[Fair Margaret by H. Rider Haggard]@TWC D-Link book
Fair Margaret

CHAPTER X
9/15

The light breeze still held, although, if it reached the _San Antonio_, it did not seem to move her, and, with the help of it, by degrees they came to within half a mile of the caravel.

Then the wind dropped altogether, and there the two ships lay.

Still the set of the tide, or some current, seemed to be drawing them towards each other, so that when the night closed in they were not more than four hundred paces apart, and the Englishmen had great hopes that before morning they would close, and be able to board by the light of the moon.
But this was not to be, since about nine o'clock thick clouds rose up which covered the heavens, while with the clouds came strong winds blowing off the land, and, when at length the dawn broke, all they could see of the _San Antonio_ was her topmasts as she rose upon the seas, flying southwards swiftly.

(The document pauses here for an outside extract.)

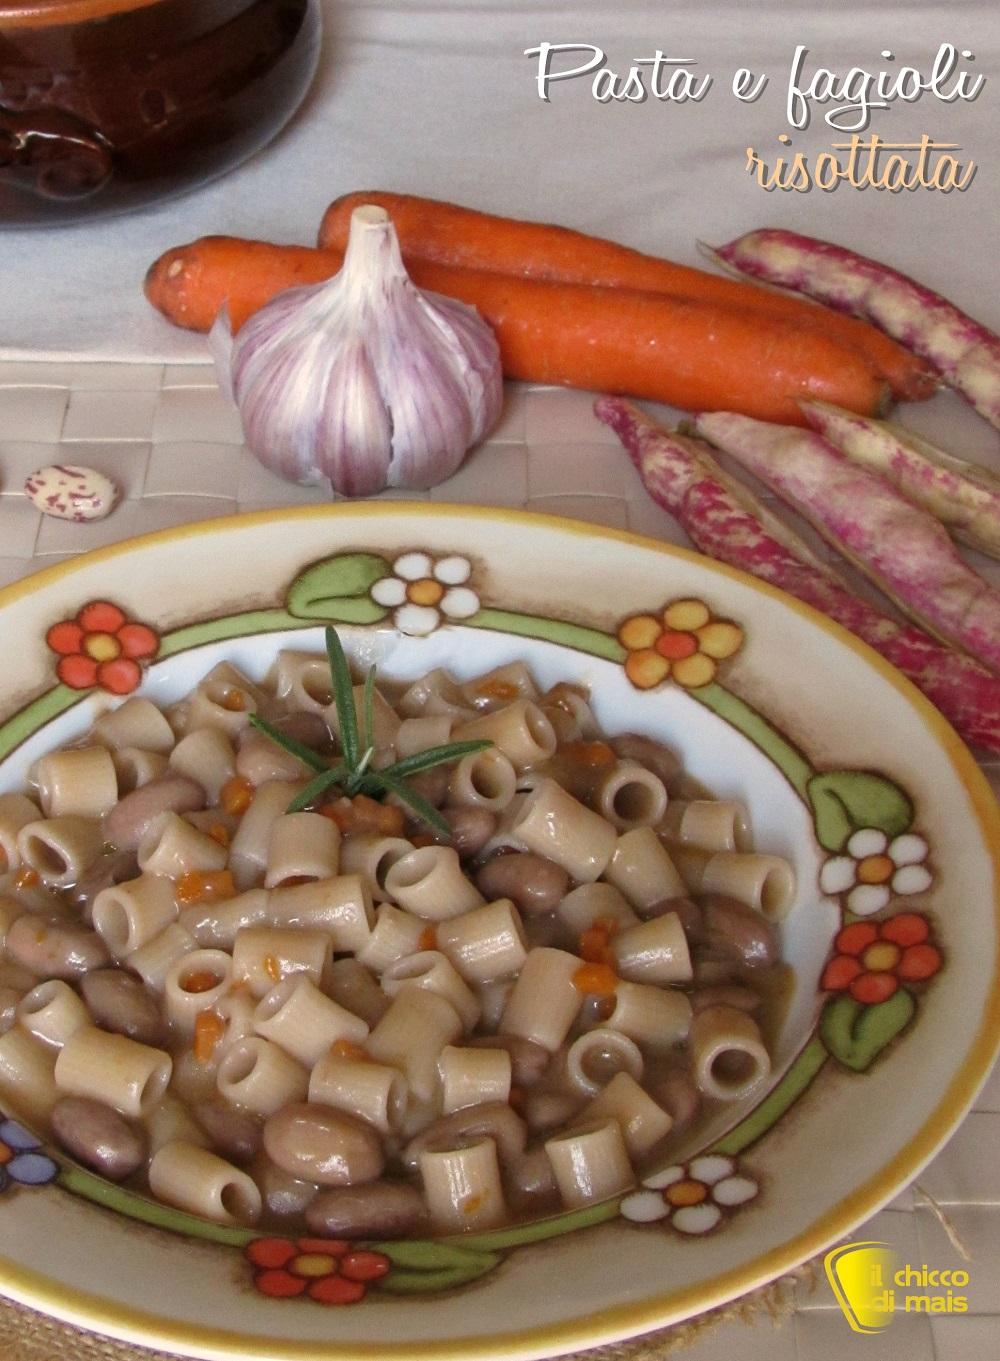 verticale_pasta e fagioli risottata ricetta facile pasta e fagioli cremosa senza frullare il chicco di mais

This, indeed, was the last sight they had of her for two long weeks.
From Ushant all across the Bay the airs were very light and variable, but when at length they came off Finisterre a gale sprang up from the north-east which drove them forward very fast.

It was on the second night of this gale, as the sun set, that, running out of some mist and rain, suddenly they saw the _San Antonio_ not a mile away, and rejoiced, for now they knew that she had not made for any port in the north of Spain, as, although she was bound for Cadiz, they feared she might have done to trick them.